Hive SQL - Cluster By and Distribute By
Hive provides two clauses CLUSTER BY and DISTRIBUTE BY that are not available in most of other databases. Hive uses the columns in DISTRIBUTE BY to distribute the rows among reducers. All rows with the same DISTRIBUTE BY columns will be sent to the same reducer. DISTRIBUTE BY does not guarantee clustering or sorting properties on the distributed keys. CLUSTER BY is a shortcut for both DISTRIBUTE BY and SORT BY.
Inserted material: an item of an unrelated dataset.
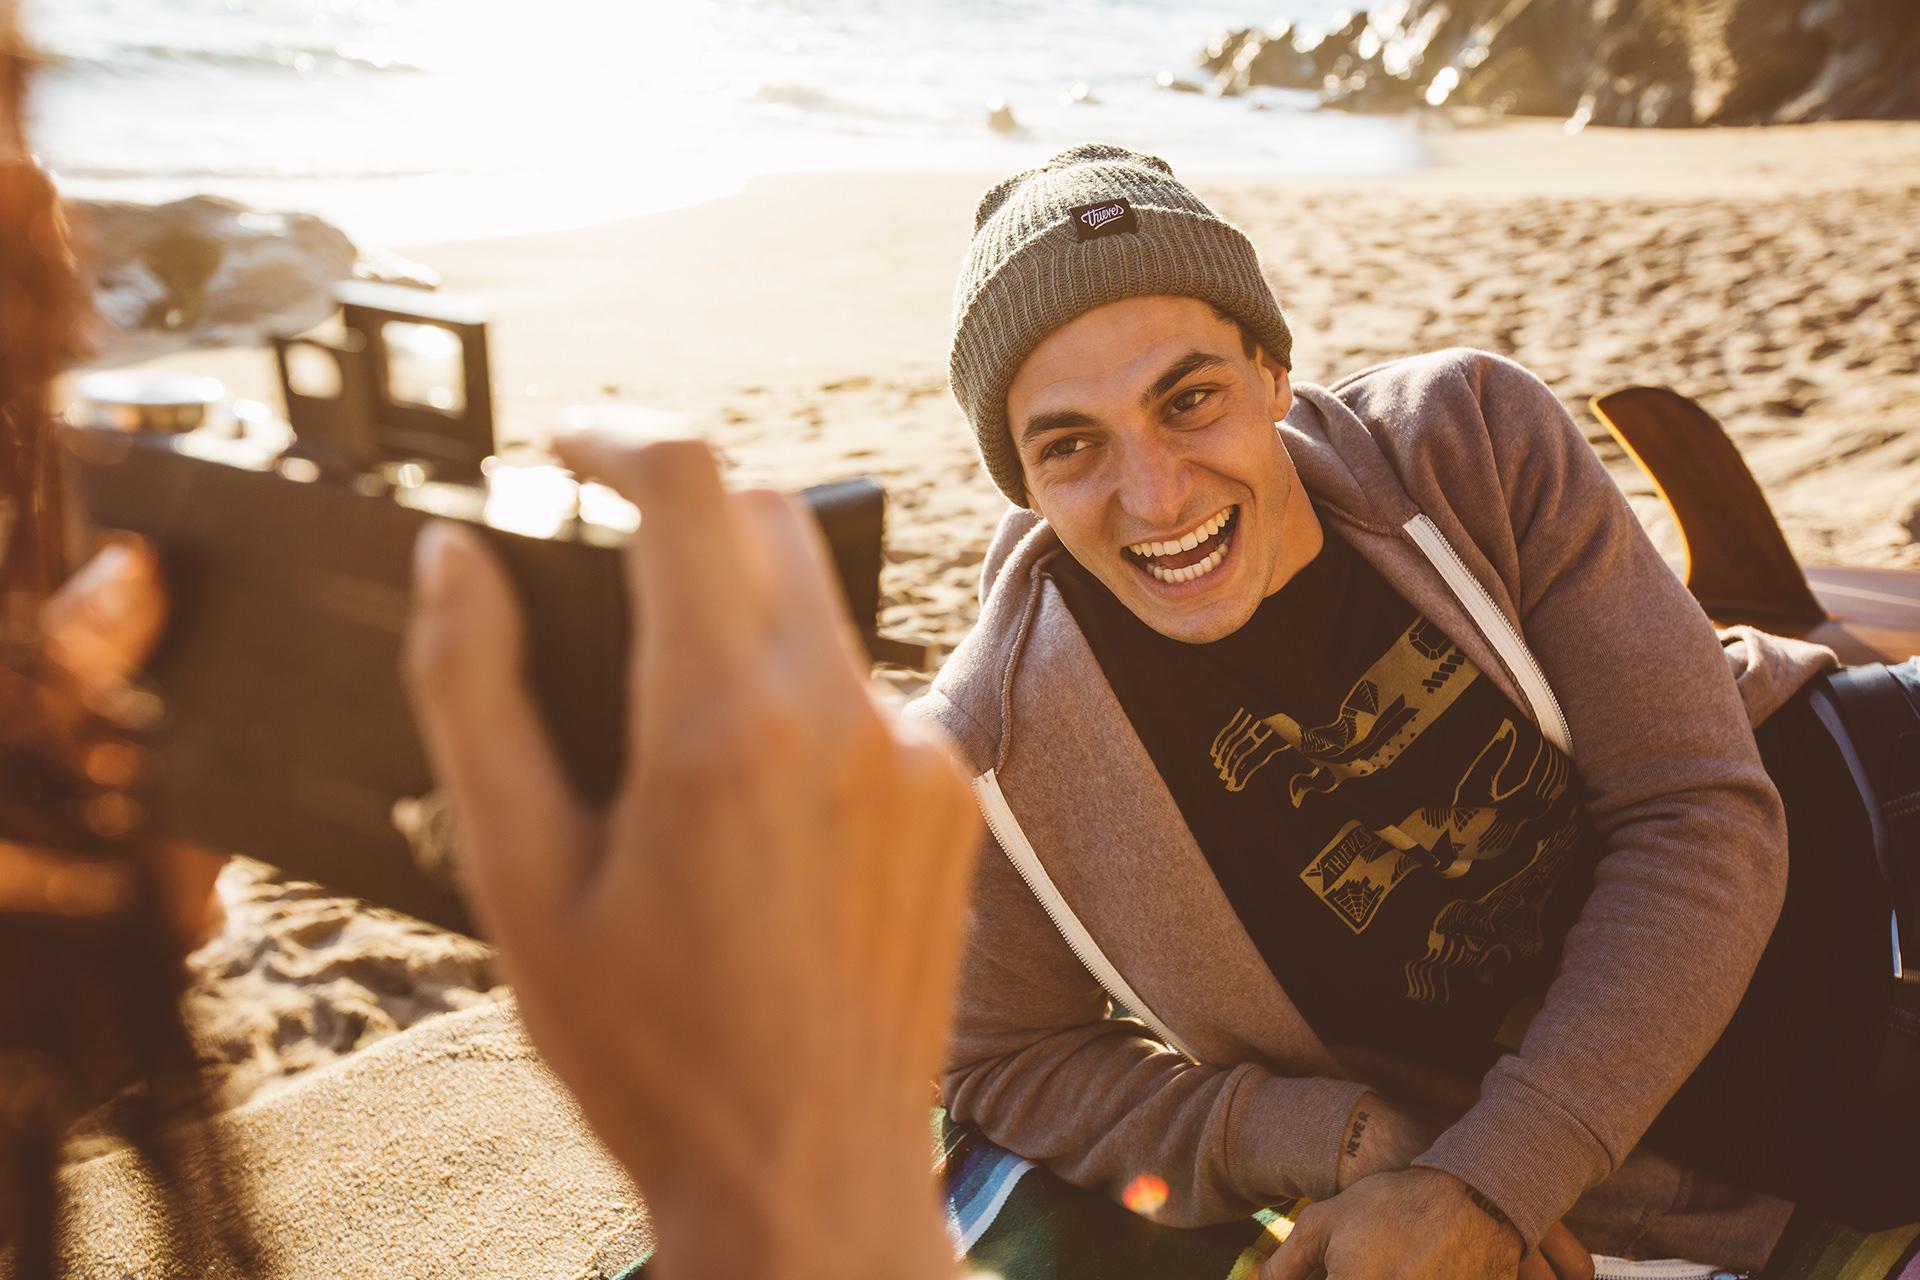 fotografieren-mann-analog-strand-lachen

Syntax of CLUSTER BY and DISRIBUTE BY
For DISTRIBUTE BY, the syntax is defined as below:
DISTRIBUTE BY colName (',' colName)*
For CLUSTER BY, the syntax is very similar:
CLUSTER BY colName (',' colName)*
Examples
The following are some examples of using these two clauses. The table used was created in Hive SQL - Aggregate Functions Overview with Examples.
Use DISTRIBUTE BY
set mapreduce.job.reduces=2; select * from hivesql.transactions distribute by acct;
Results:
+--------------------+----------------------+------------------------+ | transactions.acct | transactions.amount | transactions.txn_date | +--------------------+----------------------+------------------------+ | 102 | 913.10 | 2021-01-02 | | 102 | 93.00 | 2021-01-01 | | 101 | 900.56 | 2021-01-03 | | 103 | 913.10 | 2021-01-02 | | 101 | 102.01 | 2021-01-01 | | 101 | 10.01 | 2021-01-01 | +--------------------+----------------------+------------------------+
For account 101, the result is not ordered.
Use CLUSTER BY
select * from hivesql.transactions CLUSTER BY acct;
Results:
+--------------------+----------------------+------------------------+ | transactions.acct | transactions.amount | transactions.txn_date | +--------------------+----------------------+------------------------+ | 102 | 913.10 | 2021-01-02 | | 102 | 93.00 | 2021-01-01 | | 101 | 900.56 | 2021-01-03 | | 101 | 102.01 | 2021-01-01 | | 101 | 10.01 | 2021-01-01 | | 103 | 913.10 | 2021-01-02 | +--------------------+----------------------+------------------------+
The results for account 101 is together.